File photo shows Venezuela’s Maduro and Russia’s Putin, right, who several times this year discussed the oil glut plaguing their economies [Xinhua]
A desperate cash-strapped Venezuela is reaching out to its fellow OPEC members in a bid to convince them to hold an extraordinary summit in coming weeks to cap oil production and raise energy prices.
Venezuela’s Oil Minister Eulogio Del Pino is to meet with his Iranian, Qatari and Saudi counterparts this week in a bid to persuade them to change output policy.
In an OPEC meeting last December, production quotas were all but lifted fuelling a drastic drop in oil prices to $26 a barrel.
Oil prices have fallen 80 per cent since 2014; there was a 30 per cent decline in 2015.
On Tuesday morning, US benchmark West Texas intermediate was down 2.15 per cent to $30.95, ending a four-day rally sparked last week by Russian officials who said they could meet with Saudi oil officials to find a means to curb production.
Del Pino met with Russian Energy Minister Alexander Novak in Moscow Monday before traveling to Qatar, Iran and Saudi Arabia.
His mission is a pivotal one as oil exports account for 95 per cent of Venezuela’s economy.
According to Venezuelan media reports, Novak signaled Russia was ready to meet with OPEC to reach a mechanism to curb output.
The Russian news agency TASS said that any prospective talks between Novak and OPEC (or non-OPEC) oil producers will likely focus on an across-the-board production cut of five per cent.

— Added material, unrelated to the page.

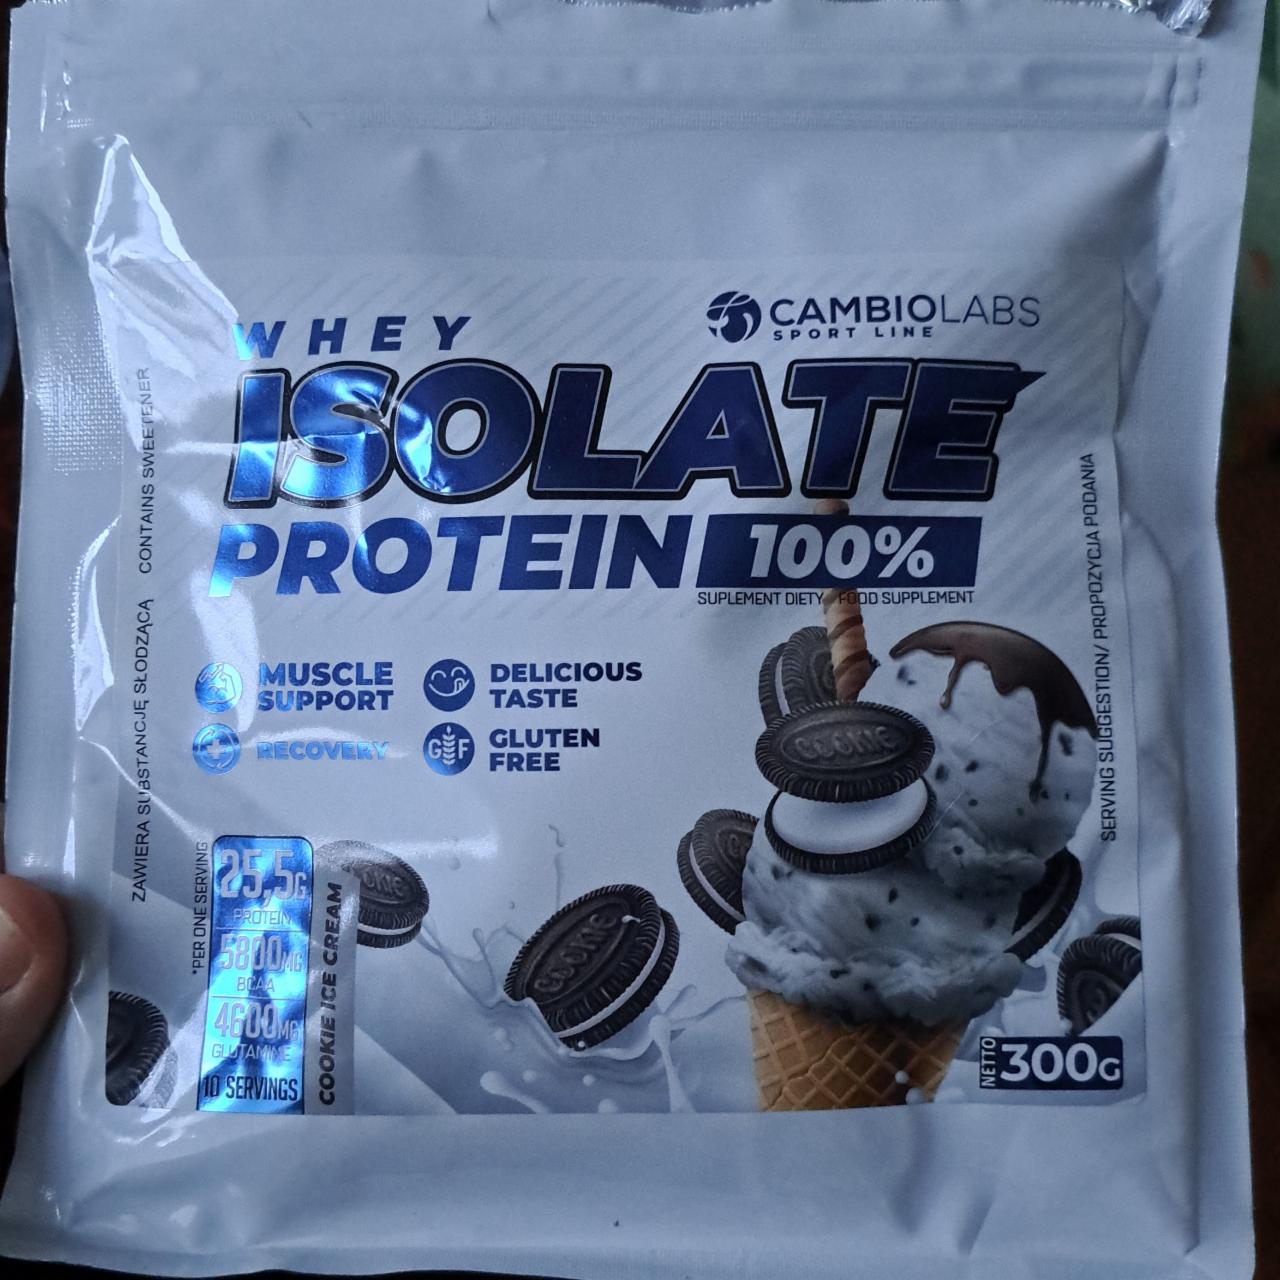 Zdjęcia - Whey Isolate Protein 100% Cookie Ice Cream CambioLabs

While some Saudi officials appeared to indicate that an OPEC summit including Russia was premature, analysts say member Iran is likely to refuse to curb output as it just returned to global markets after US and UN sanctions were lifted.
Iraq, too, which is struggling with a substantial deficit leaving it short of cash, is unlikely to cut production.
Last week, it announced that its production output had reached record levels in decades.
With January’s removal of output caps, OPEC is selling 32.5 to 33.5 million barrels of oil – well above market demand.
According to the International Energy Agency, Saudi Arabia produced at least 10.2 million barrels a day in January. By comparison, Venezuela pumped into global markets only 2.5 million barrels a day.
Russia, meanwhile, injected into the markets nearly 11 million barrels a day.
While economists say that Russia can manage in the interim with oil as low as $30 a barrel, Venezuela has been in fiscal turmoil.
As oil prices slid, the inflation rate in Venezuela jumped to over 68 per cent; with food prices quickly rising street protests broke out in February 2014.
Since then, the central bank has not released inflation figures but in October 2015, opposition parties said it had reached an annual rate of 180 per cent.
Citizens have complained of a lack in basic amenities such as sugar, milk, and toilet paper, as well as some medicines, saying they have had to stand in long queues or buy overpriced products on the black market. Riots broke out, which Maduro blamed on opposition figures.
With less cash in its coffers – the strategic foreign reserves have fallen from $24 to below $20 billion in recent months – the government has imported less and less commodities.